Ask A Genius 343 – Samaria’s and Judah’s God, Big Bang, Steady State, and IC (2)

Author(s): Scott Douglas Jacobsen and Rick Rosner

Publication (Outlet/Website): Ask A Genius

Publication Date (yyyy/mm/dd): 2017/12/22

[Beginning of recorded material]

Rick Rosner: I have half-assedly worked on it, through 36 years with that stuff turning into what we have been calling IC or Information Cosmology, where the universe only looks big bangy, but it’s a structure that is older than it appears to be.

Go back to Steady State Theory in the fifties with Fred Hoyle and a couple of other people who suggested that, in places in the universe where there is not a lot of matter, the matter would spontaneously be created.

So, that when you had enough matter accumulating in previously under-mattered or underpopulated parts of the universe, that matter would eventually coalesce into galaxies. The universe was imagined in time.

It looked big bangy because it was always forming new galaxies that were pushing out. So, you always had new galaxies popping up and going through their life cycles. So, the principle of regularity, of non-specialness is a big principle in physics, that you are not in a special place in the universe.

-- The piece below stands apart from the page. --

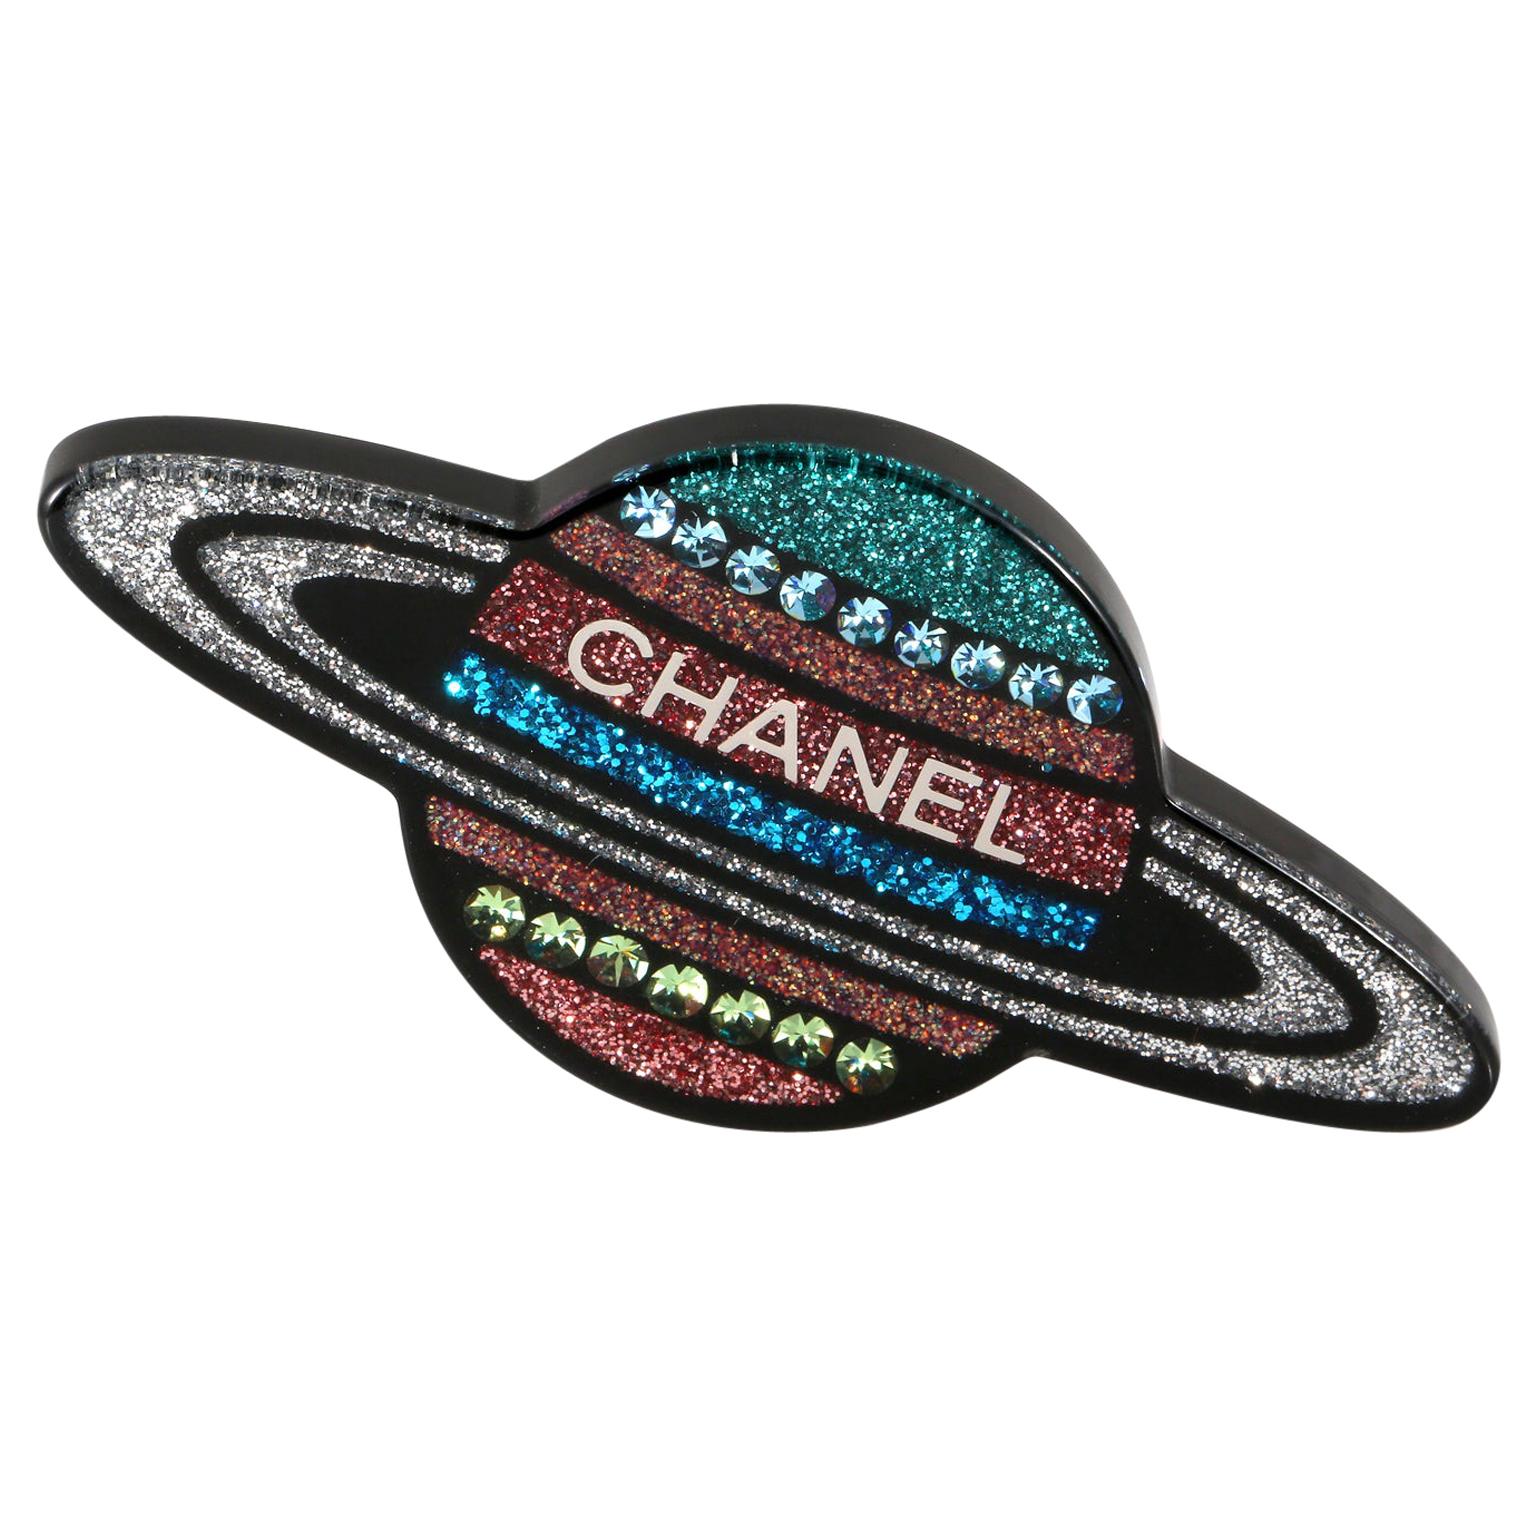 Chanel Glitter Saturn Pin

Space that works under big bang; that if the universe is expanding uniformly from an initial singularity, like the surface of a balloon, which is the standard analogy, there is no favored place on the surface of a balloon.

It disregards the neck of a balloon. It’s an expanding ball. Everybody feels like they are in the centre of this expanding universe, but every point on the ball feels like the centre. There is no special place.

So, the Big Bang has no favored position in the universe in space. On the other hand, every moment in the Big Bang universe is a unique moment in time. No moment in time is like any other moment in time because you are on the surface of this expanding ball which acts like a clock.

You can tell how late it is in the universe, because of the size of the ball, gives you the age of the ball. In Steady State Theory, you always have new universes popping through, more galaxies popping into it, gradually popping into space in existence.

So, the universe may be expanding and may be expanding, but it’s expanding because new matter, and new space is always being created. So, as the universe expands, new stuff arises to fill the space between old stuff.

So, you got a universe in time and you can’t tell what time it is in the universe because every moment looks the same. But that’s not how the universe operates. There is no observational evidence to say that, “No, you don’t have new galaxies popping up in the spaces between old galaxies.”

However, I have the same idea because the universe is on a vast time scale. Imagine that the apparent age of the universe is proportional to the amount of information in the universe, you do have processes which cycle, not cycle within a solution to General Relativity.

There are solutions to a General Relativity universe that works from a similarity; it doesn’t have enough energy to keep expanding. It collapses back to a singularity and then expanse back outwards again.

So, it’s breathing, basically, going from zero space out to a bunch of space, then collapsing back to zero space. I’m not talking about that solution. I’m talking about a universe that has active information in the centre.

If that universe becomes irrelevant to information processing being done, that information can slide out of the centre to the outskirts where it’s in a stasis for several reasons. Then when it’s relevant again, it can be brought back into the active centre of the universe.

But in the active centre of the universe, it looks like it’s 13.8 billion years old, or much older than 13.8 billion years, but 13.8 billion Years apparent age of the universe is how much is a measure, how much information is currently active in the central arena of information processing of the universe. Alright, that’s enough of that.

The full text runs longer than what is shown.